Authors: Brian Wiprud
Tags: #fiction, #mystery, #wiprud, #thriller, #suspense, #intelligence, #Navy, #jewels, #heist, #crime
Fifty-one
The morning before I
was supposed to leave it was sunny with a light breeze. Good conditions. My bags were all packed, my flight left around noon.
One last time I saddled the bicycle and headed out to Turtle Bight—I hadn’t seen a permit since tying my purple crab pattern. While wading out to that clump of mangroves, I was reminded of another Western. It was a funny one, about an ambitious, sarcastic gunslinger, played by James Garner, who was passing through a town. Of course, the townspeople hire him to be their sheriff to protect them from a local gang. He throws one of the gang in a jail—a jail with no bars around the holding cell—and manages to scare the inmate into staying put. The rest of the gang begin a series of attempts to break out their comrade but are undone by the gunslinger in inventive ways, like sticking his finger in the end of a pistol. Of course the gang is foiled, and the town is happy, but all along this gunslinger had been warning the townsfolk that he had only taken the sheriff job temporarily because—ultimately—he was on his way to Australia. It’s a better movie than it sounds. I liked that part, though, where he’s always telling people that he’s on his way to Australia. The commitment to a personal agenda over the expectations of others sat right with me.
Sure enough, as the flats at Turtle Bight flooded with the incoming tide, I saw the dorsal fin of that permit slice the water’s surface as he came into the shallows, headed for that mangrove clump with the purple crabs. I put my new crab fly in the air, cast it next to the clump, and then waited for that permit to draw near enough to see it. I knew where he was headed, so why not get the crab cued up and in place before the permit got there? Less chance of spooking the fish.
The permit went to the far side of the clump first, and I lost sight of him. I thought maybe he’d eaten and left when that tail flopped into the air near my fly. I leaned forward and gave the line a small strip.
The tail turned, angled at my fly.
One Mississippi, two Mississippi
…
Another small strip.
He followed.
Another small strip.
Tug.
Big strip.
That tail slammed the water and the shallows exploded. The permit shot out toward deep water, my reel screaming as the line peeled off.

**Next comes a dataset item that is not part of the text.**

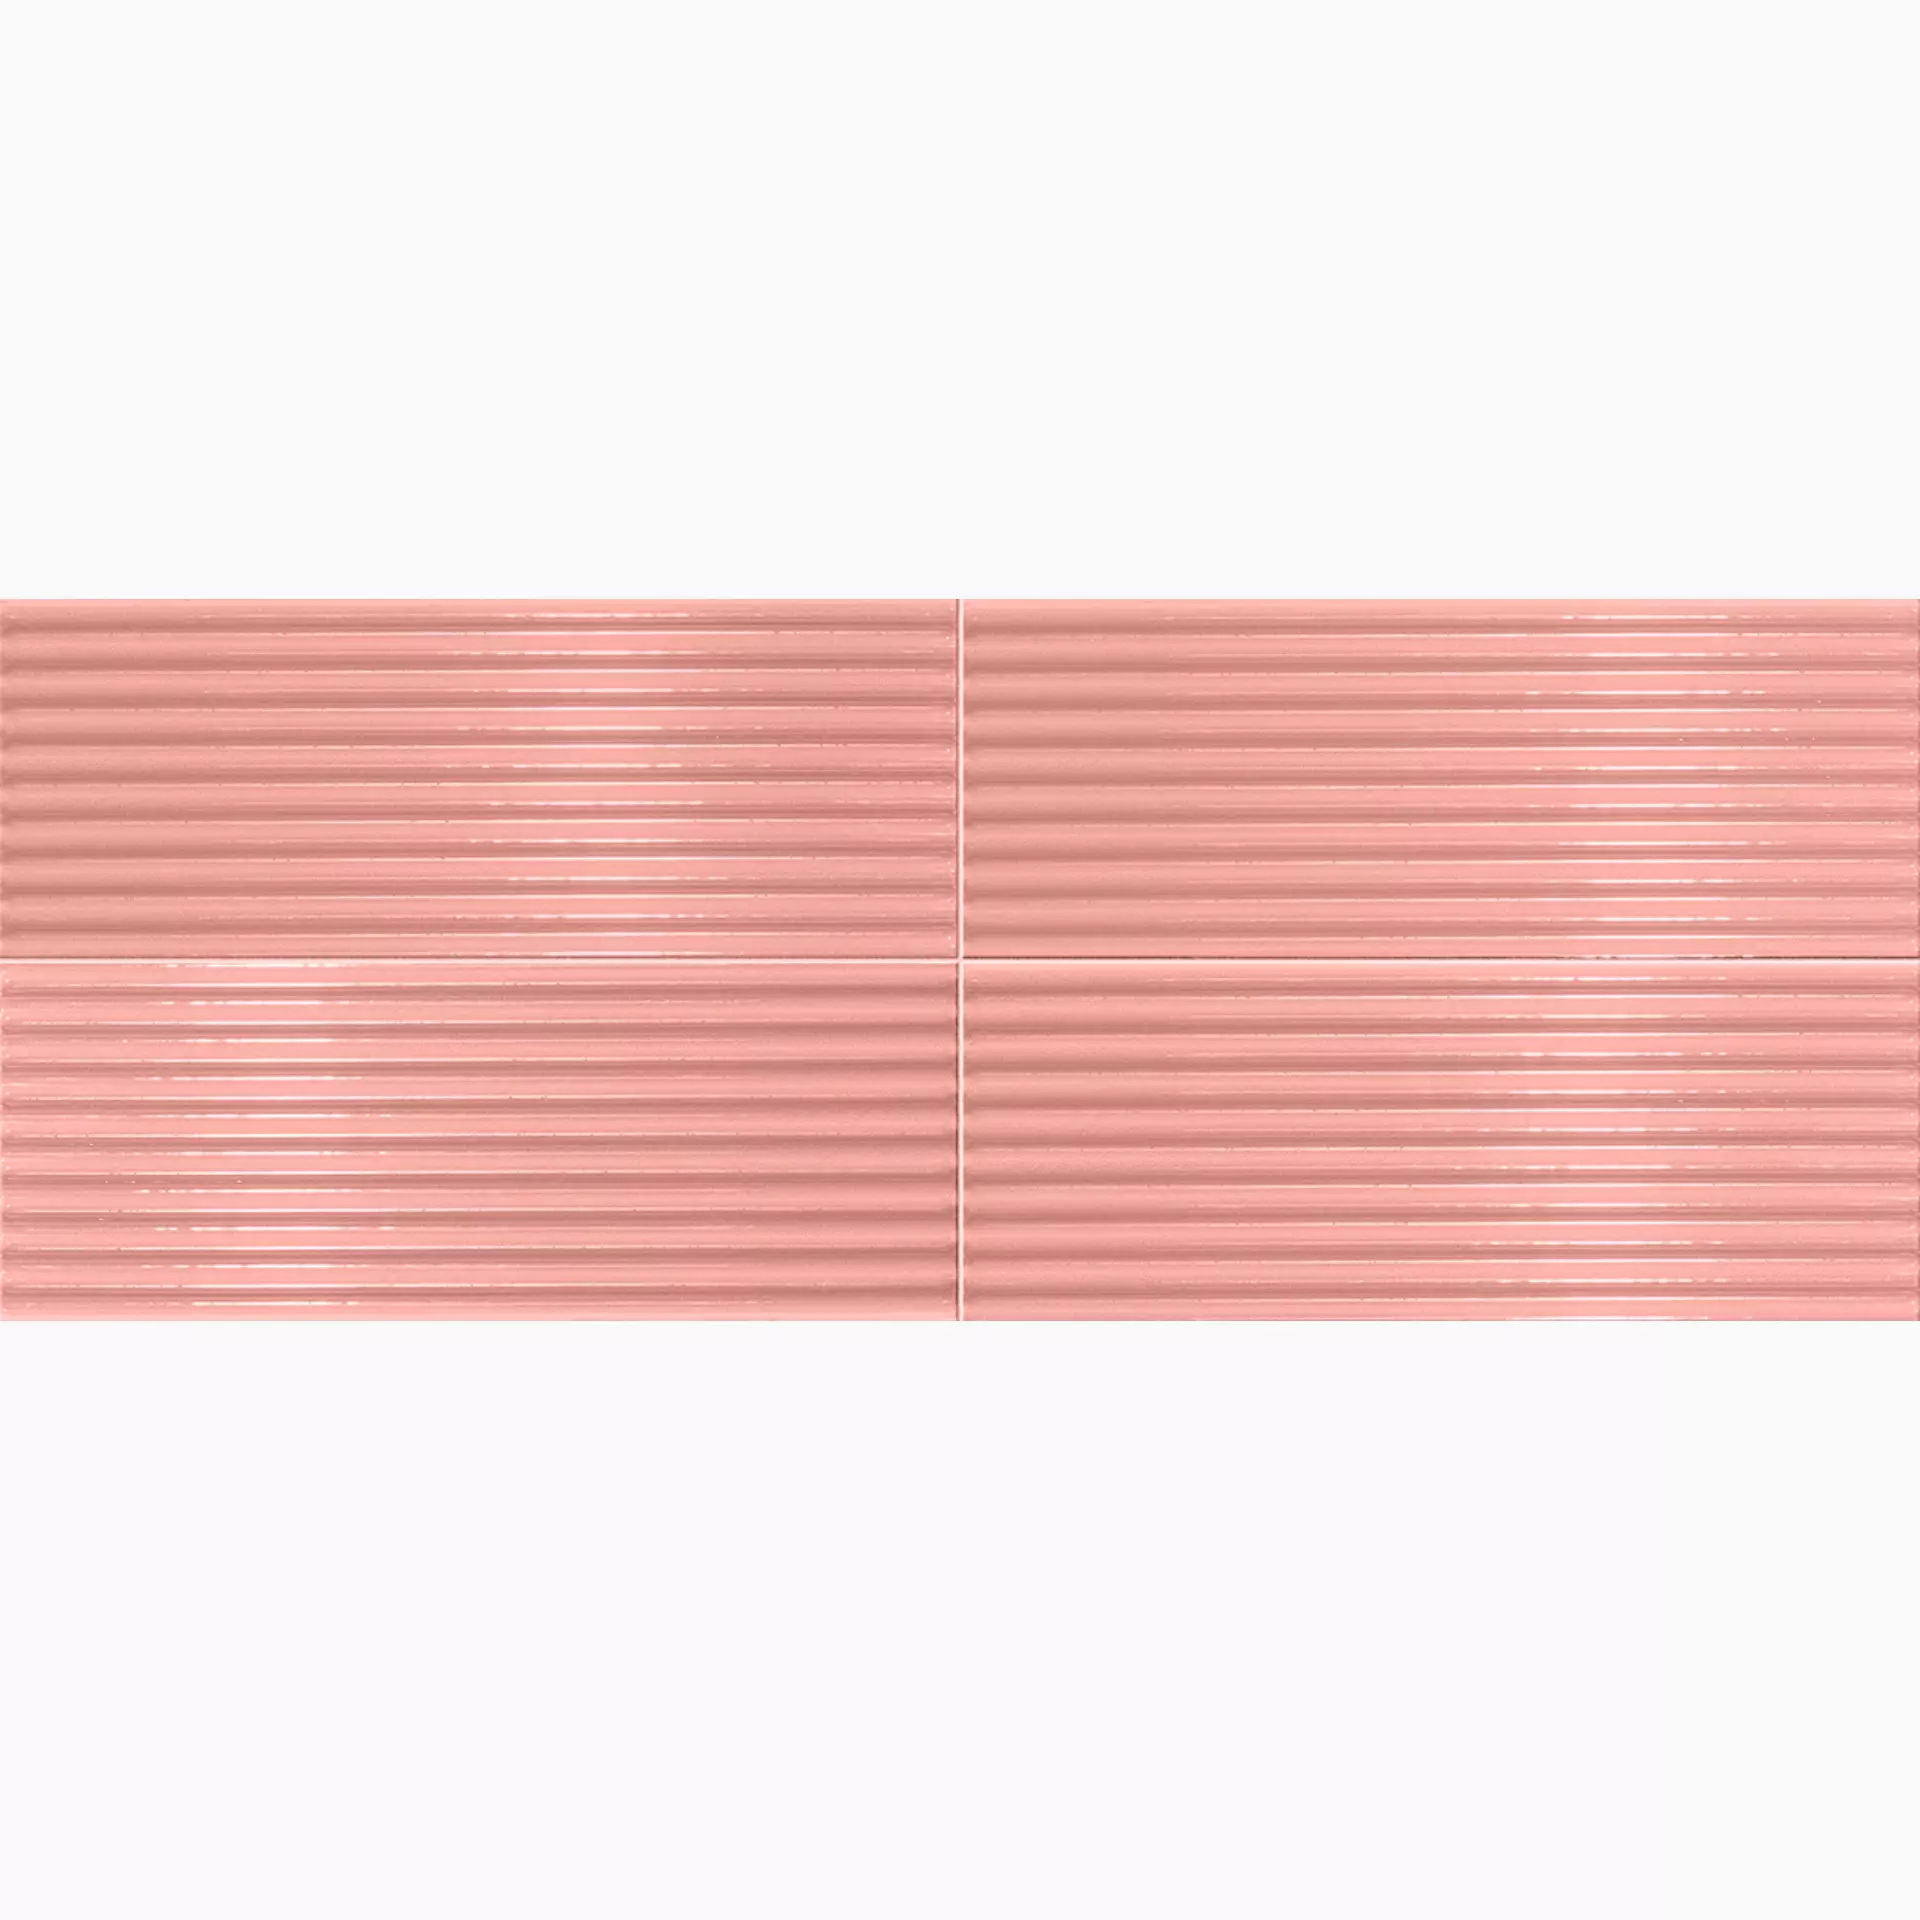 Ergon Abacus Light Pink Lux Light Pink ELHJ glaenzend struktur 7,5x20cm Plisse 11,5mm

On the second run the permit wrapped me on that mangrove and escaped.
I’d rather have landed the fish, but I’d fooled him. I’d figured it out and made it happen.
Reeling up, I headed to shore at the point. Crunching over the beach litter, I turned the corner of the brush.
There was a man in what looked like a mechanic’s jumpsuit standing at the water’s edge. His back was toward me.
Hair: short and gray.
Neck: pale, a white man.
He stood very straight looking out to sea.
I slowed. “Hello?”
He turned.
One half of his face was badly scarred, the ear gone. He held out his right hand and there was a piece of wrinkled paper in it.
I stopped a few paces away.
“Your gum wrapper.” The accent was Eastern European.
It was Vugovic.
The first seconds I don’t remember. I know I saw the flash of a knife but I can’t picture it. I felt the icy slash across my chest.
My memory clicks in mid-dash down the beach toward the point. My eyes saw blood on my chest. My ears heard him behind me, grunting as he ran. My nose smelled my own perspiration. I veered into the skinny water hoping that would trip him up. He was just strides behind me.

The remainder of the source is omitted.